The minimum of knowledge you should set up for prompts to work are the static context snippets for domain.md
and architecture.md
. These should describe the team's domain context and the team's architecture at a high level, in 2, maybe max 3 paragraphs.
These snippets will be included in every prompt that references them, so they will be a part of the prompt size every time! Therefore you should think about how to concisely describe the business context and architecture, and use the important key words to give the AI good pointers about what you're working on.
You can try and sanity check if the AI "understands" your knowledge by going into a chat conversation (e.g. by using the /chat
route):
-
Paste your knowledge snippet and ask the AI to summarize and elaborate on it in its own words. See if it makes sense. Adjust the snippet accordingly, e.g. add domain terminology explanations, or clarify the role of an architecture component.
-
Ask the AI for a simple task in the context of your snippet (e.g. to write a user story or create a domain model with your business context, or to help you with a technical decision with your architecture snippet). See if it makes sense, adjust the snippet accordingly.

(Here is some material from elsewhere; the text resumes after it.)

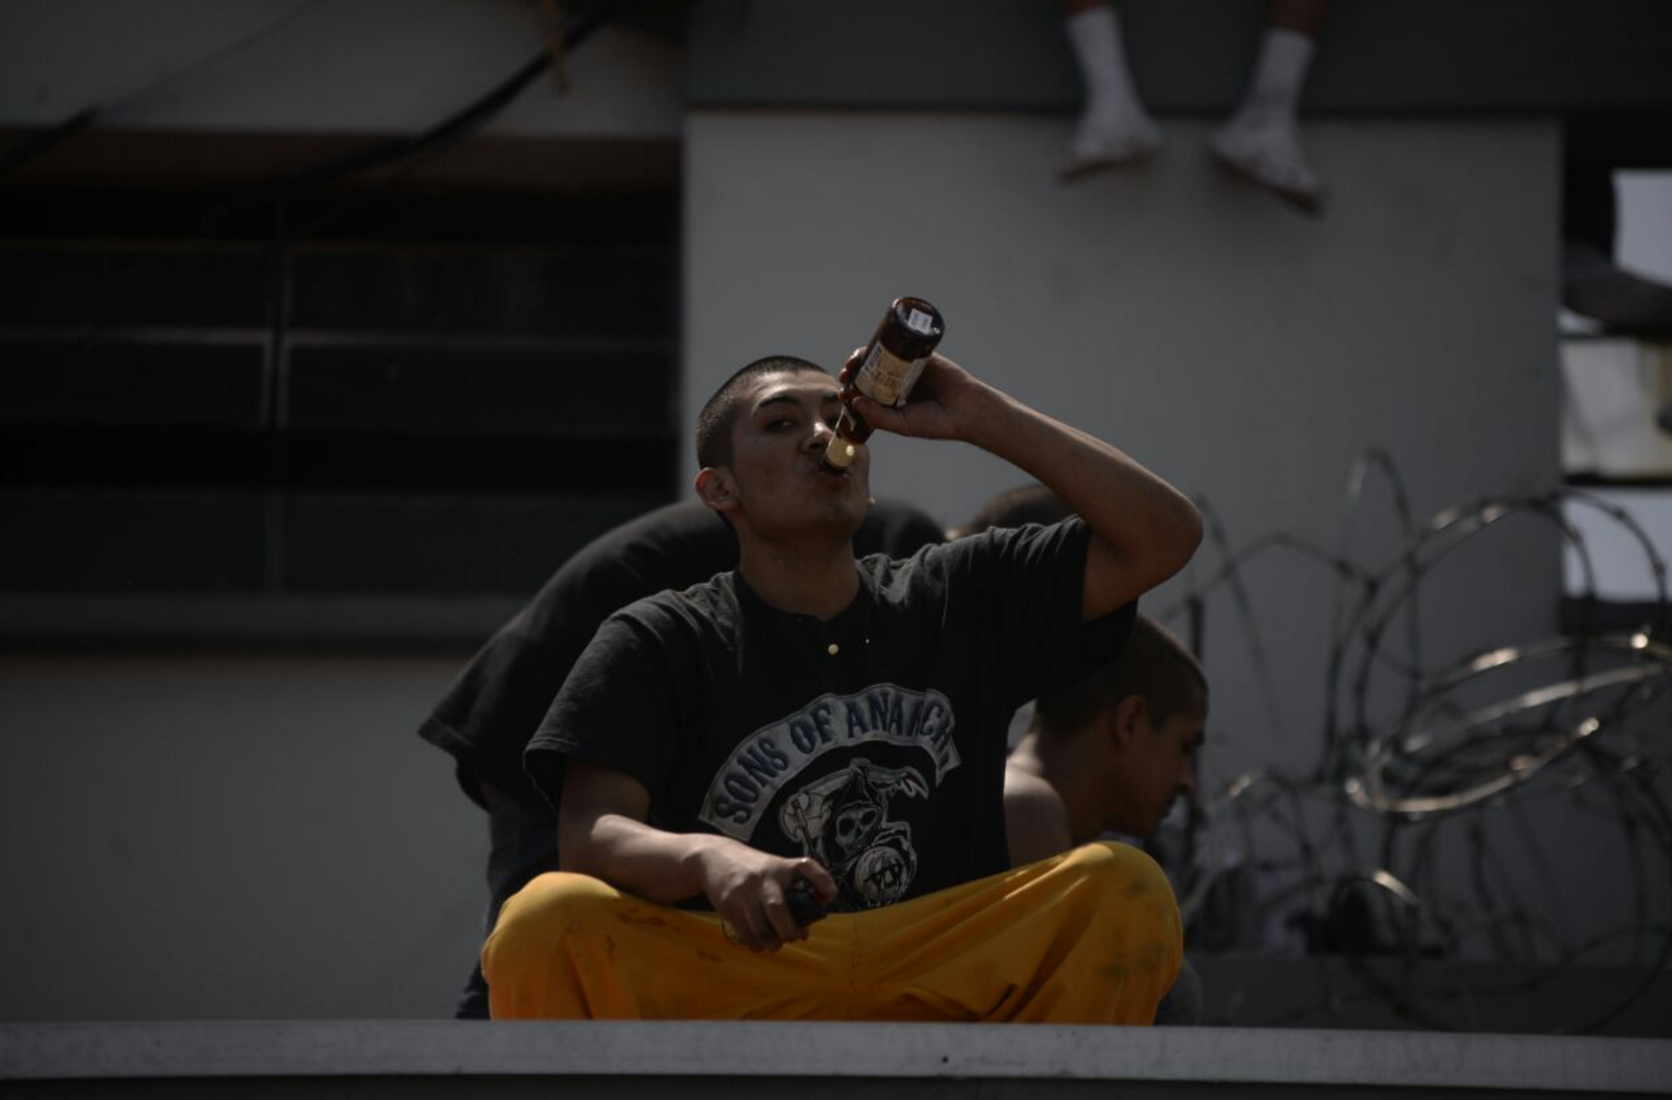 Jóvenes de Las Gaviotas entran a robar cervezas y terminan heridos - Soy502 (Comunicado de prensa)
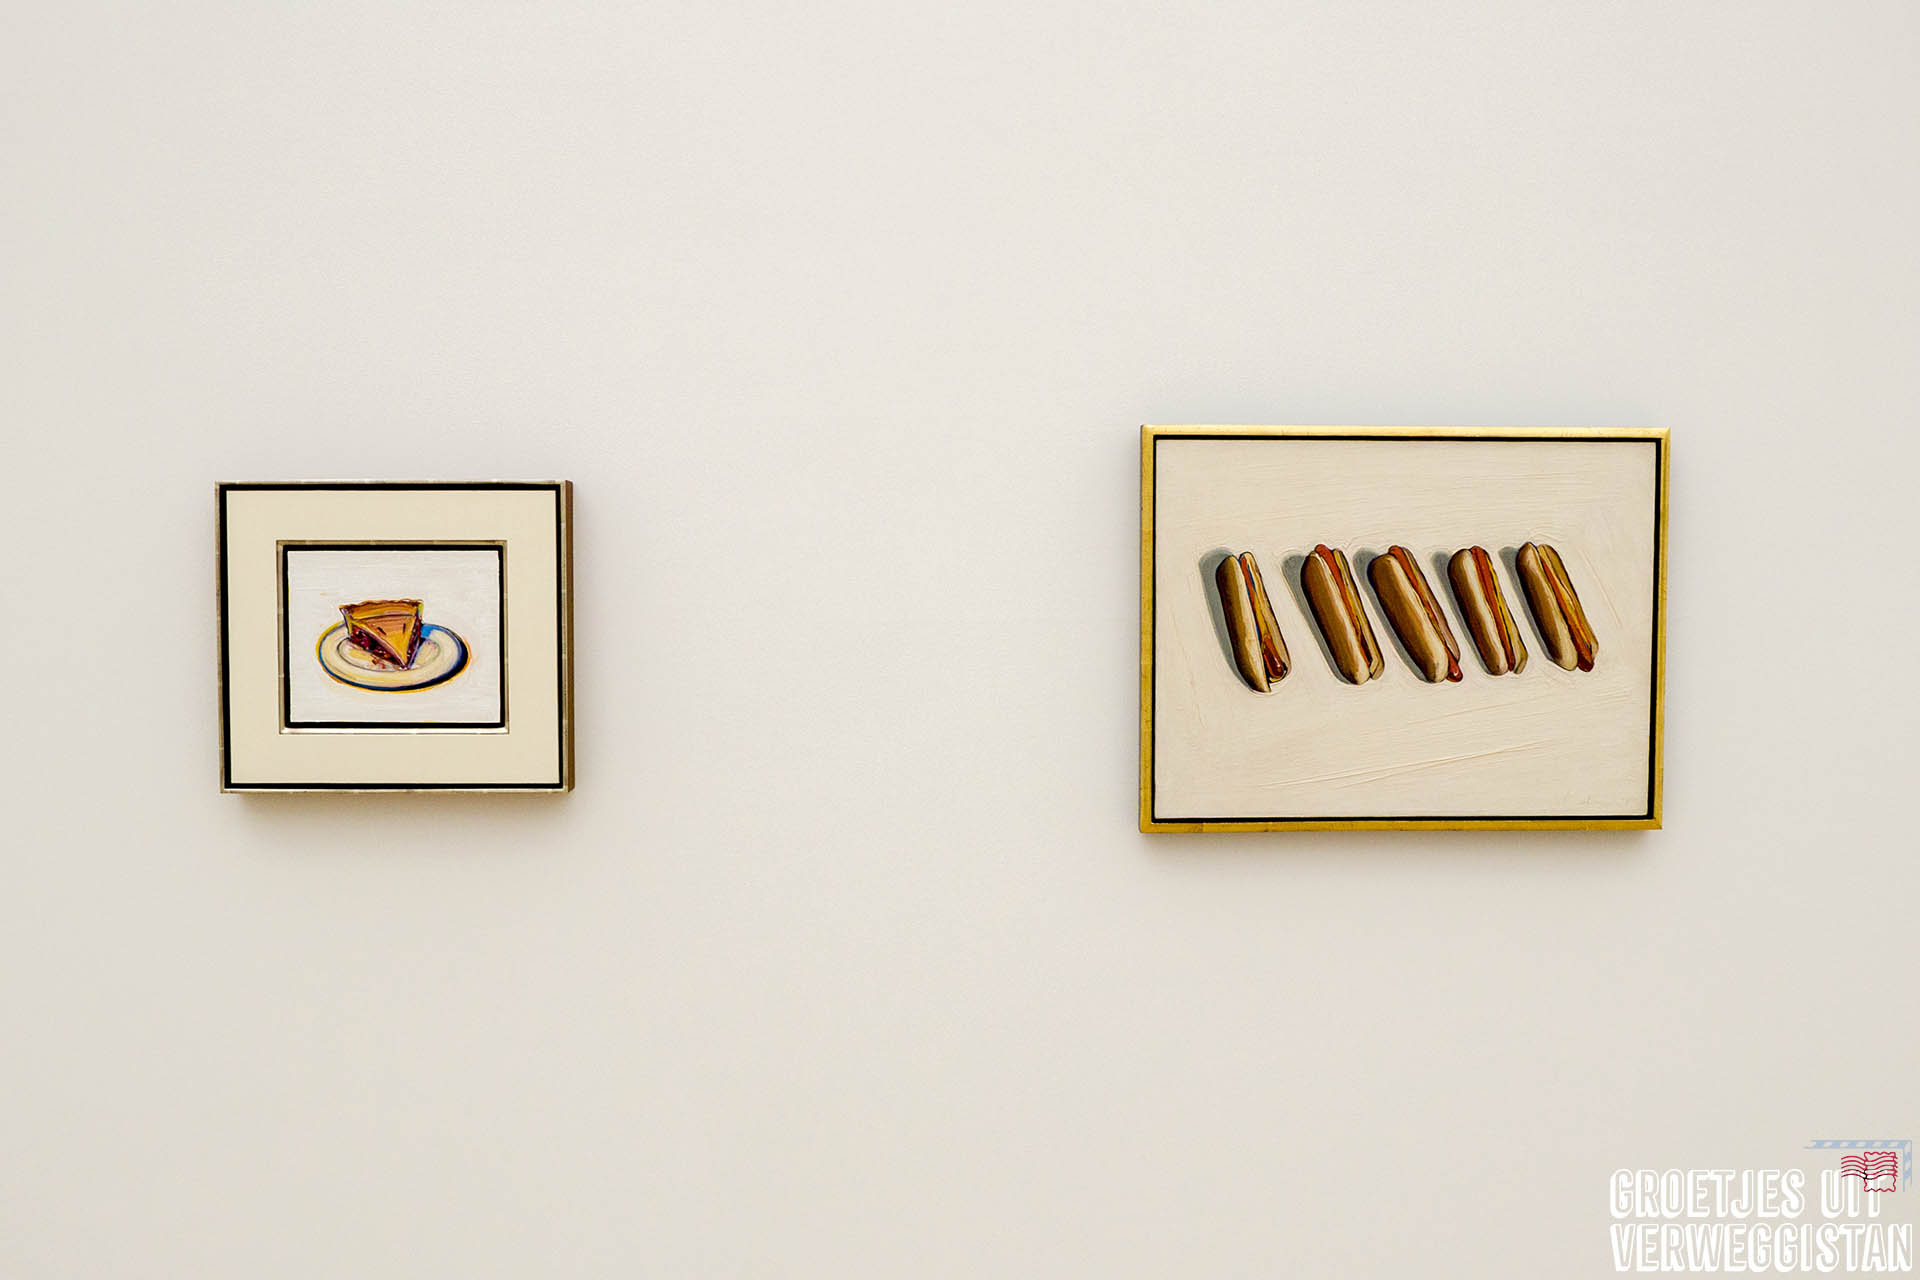 Schilderijen van Wayne Thiebaud met taart en met hotdogs in Museum Voorlinden in Wassenaar.

Create a markdown file and put it into the prompts/chat
folder. Use one of the existing prompt files in that folder as an example to define the metadata. The new prompt will automatically be loaded into the sidebar menu and the dashboard.
Prompt metadata
Every prompt file has a frontmatter block that defines metadata about the prompt:
identifier
: A-unique-identifier (will not be visible to the users, but it helps to be human readable, for logging and debugging purposes)title
: "Title of the prompt that will show up in the UI dropdowns"system
: "System prompt" (optional)categories
:["category1", "category2"]
// provide a list of task categories where this prompt should show up. Valid values: "analysis", "coding", "testing", "architecture"help_prompt_description
: "Describe to the user what the prompt does"help_user_input
: "Describe for the user what type of input they need to give in order to get the best results from the prompt"help_sample_input
: "Provide an example of what the user input could look like"
Prompt content
Inside of the prompt text, you can reference the static knowledge snippets that are defined in a team's knowledge
folder. Use the {domain}
and {architecture}
variables to reference the business context and architecture snippets. Those two are the default knowledge snippets that are used in many of the prepared prompts. But you can add your own if you need to. E.g., you could add an additional snippet for "Frontend coding patterns". You can define the name of the reference variable in the metadata of the knowledge snippet file (see domain.md
as an example)
The previous section only touched on one form of knowledge source, the context description text snippets.
The application also supports retrieval-augmented generation with a more advanced form of knowledge sources. Those can be used in 2 ways:
- Users can ask them questions directly on the Chat with Haiven section
- Users can use them to enhance their conversations - e.g., while they are using a prompt to prepare threat modelling, they could ask for additional relevant context from security or compliance documents.
You will find a utility CLI in the [./cli](cli)
folder with more documentation.
The new documents will be accessible to the user in the "Documents" dropdowns in the application.